Solofliegen Teil 2

Mit einem Knabberwerkzeug namens „Lüer“ befreie ich die Platte von Gewebe. Wieder ein Instrument, das ich noch nie in den Händen gehalten habe, für welches ich kein Gefühl habe. Aber jetzt sehe ich die Schrauben. Ich bekomme den Schraubenzieher. Ich habe eine Frage. Darf ich die stellen? Ist es eine dumme Frage? Ich muss es aber wissen! Was, wenn… „Kommt es draufan, in welcher Reihenfolge ich die Schrauben entferne?“

„Nein.“

Okay. Gut. Ich nehme die, die ich am besten sehen kann, und entferne die Schraube. Das ist nicht so einfach. Ich halte den Schraubenzieher nicht gerade genug, und trotz meiner Bemühungen bewegt sich das Ding nach den ersten paar Umdrehungen nicht mehr. Der Orthopäde merkts. Er nimmt den Schraubenzieher und ein paar Umdrehungen später ragt das Ding schön weit raus. Ich erhalte das Instrument zurück und darf die letzten Umdrehungen machen. Die OP-Schwester fasst die Schraube und legt sie auf den Tisch. Eine von vier.

Zwei Schrauben später stehen wir vor einem Rätsel. Im Röntgenbild sind klar 4 Schrauben zu sehen, doch wir haben erst 3. Die Platte hat vorgefertigte Löcher, und die Löcher sind jetzt alle leer. Wo ist die vierte Schraube?

Wir starren auf das Rönntgenbild… Und dann dämmert es uns beiden gleichzeitig.

„Wo ist die Schraube?“, fragt der Orthopäde.

„Nicht in der Platte. Sie sieht zwar aus, als wäre sie darin, aber sie geht von vorne durch den Knochen.“, antworte ich. Ich bin stolz. Ich bin selber draugfgekommen. Die Spannung in mir löst sich ein bisschen.

Der Orthopäde nickt. „Wo suchen Sie die Schraube?“

„Auf der Höhe des drittuntersten Lochs, vorne.“

Er nickt erneut. Ich erhalte das Messer und schneide weiter. Die Schraube ist genau da, wo ich sie vermutet habe, und kurz darauf ist sie auch raus. Jetzt erhalte ich einen Haken, ein ekliges, spitziges, gekrümmtes Ding, und einen Hammer. Die OP-Schwester hält einen Meissel durch ein Lock am Ende des Hakens, und ich schlage mit feinen, vorsichtigen Schlägen darauf ein.Die Platte kommt frei. Das Metall ist raus.
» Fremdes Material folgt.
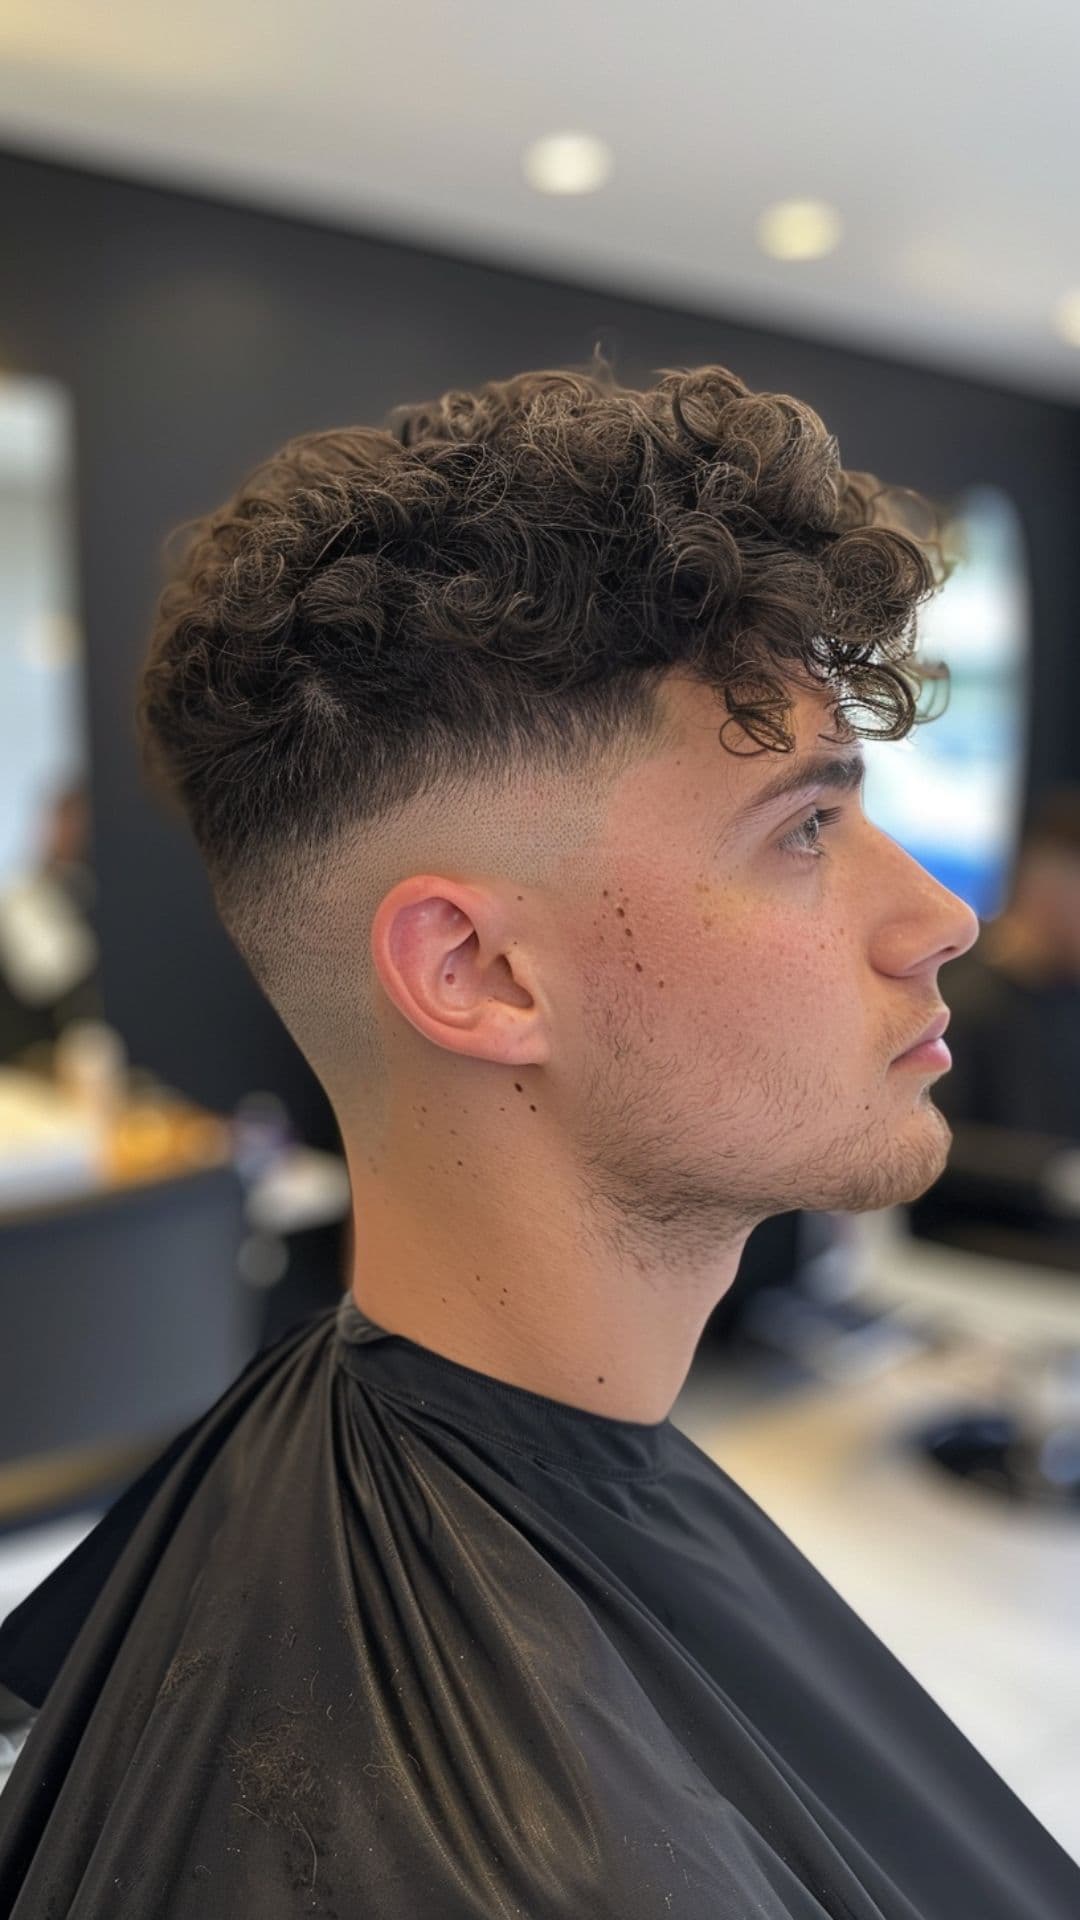 A man modelling a curly fade hairstyle.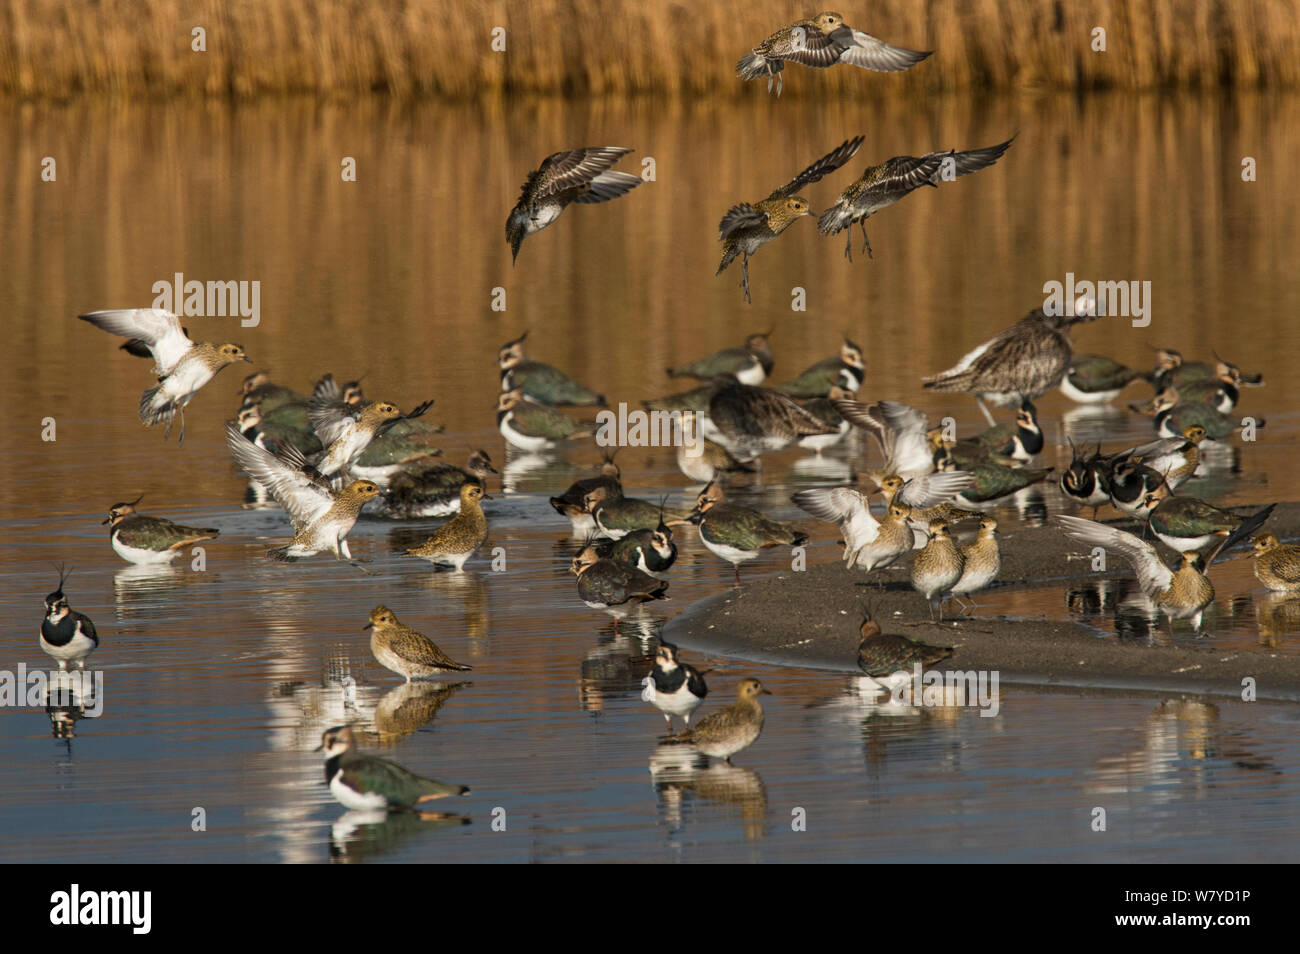 Migrating flock of Golden plover (Pluvialis apricaria) landing amongst a group of Northern Lapwings (Vanellus vanellus). Cresswell Pond, Northumberland, UK. November. Stock Photo

Ich erhalte Nadelhalter mit Faden und Pinzette. Mit einem dicken, rauhen Faden nähe ich zuerst in der Tiefe zu. Der Orthopäde zeigt mit mir einer Pinzette an, wo ich fassen muss. Er korrigiert mich nicht – er scheint zufrieden. Er schneidet meine Fäden kurz ab. Ich gebe den Nadelhalter zurück und erhalte einen neuen mit einem viel dünneren, feineren, glitschigeren Faden. Hautnaht.

„Können Sie Donati?“, fragt der Orthopäde.

Das haben Sie mich vor einer Stunde schon gefragt, bei der letzten Operation. Sie haben meine ersten drei Stiche abgewartet und haben dann den Saal verlassen. „Ja.“, sage ich aus Überzeugung. Er steht auf und geht. Bevor er den Raum verlässt, dreht er sich um. „Diktieren Sie den Operationsbericht?“

„Ich versuchs.“, sage ich. Und könnte mich gleich darauf ohrfeigen. Das sagt man nicht! Versuchen? Machen! „Ich meine, jawohl, ich mache das!“ Er geht.

Ich nähe zu. Ich bin noch langsam, aber die Naht ist regelmässig und schön. Anästhesist und OP-Schwester sind freundlich und geduldig, keiner stresst mich.

Schweissgebadet und vollgepumpt mit Adrenalin gehe ich mich schliesslich umziehen. Es ist halb 3 Nachmittags. Zeit für das Mittagessen.

3 Kommentare zu „Solofliegen Teil 2“

  1. Sonntagabend 6.März 20:53
    Herzliche Gratulation zum guten Gelingen !
    Eine sehr eindrückliche Schilderung – es ist ja eine knifflige Arbeit an einem lebendigen Wesen, und nicht wie in einer Autowerkstatt an einer technischen Maschine – wobei auch letzteres knifflig sein kann.
    Und solche Arbeiten können in der Ausbildung wohl kaum am Simulator geübt werden, sondern eben erst in der Praxis am lebenden Objekt.
    Ich wünsche Ihnen weiterhin viel Erfolg und Befriedigung bei der Heilungs-Arbeit am Mitmenschen.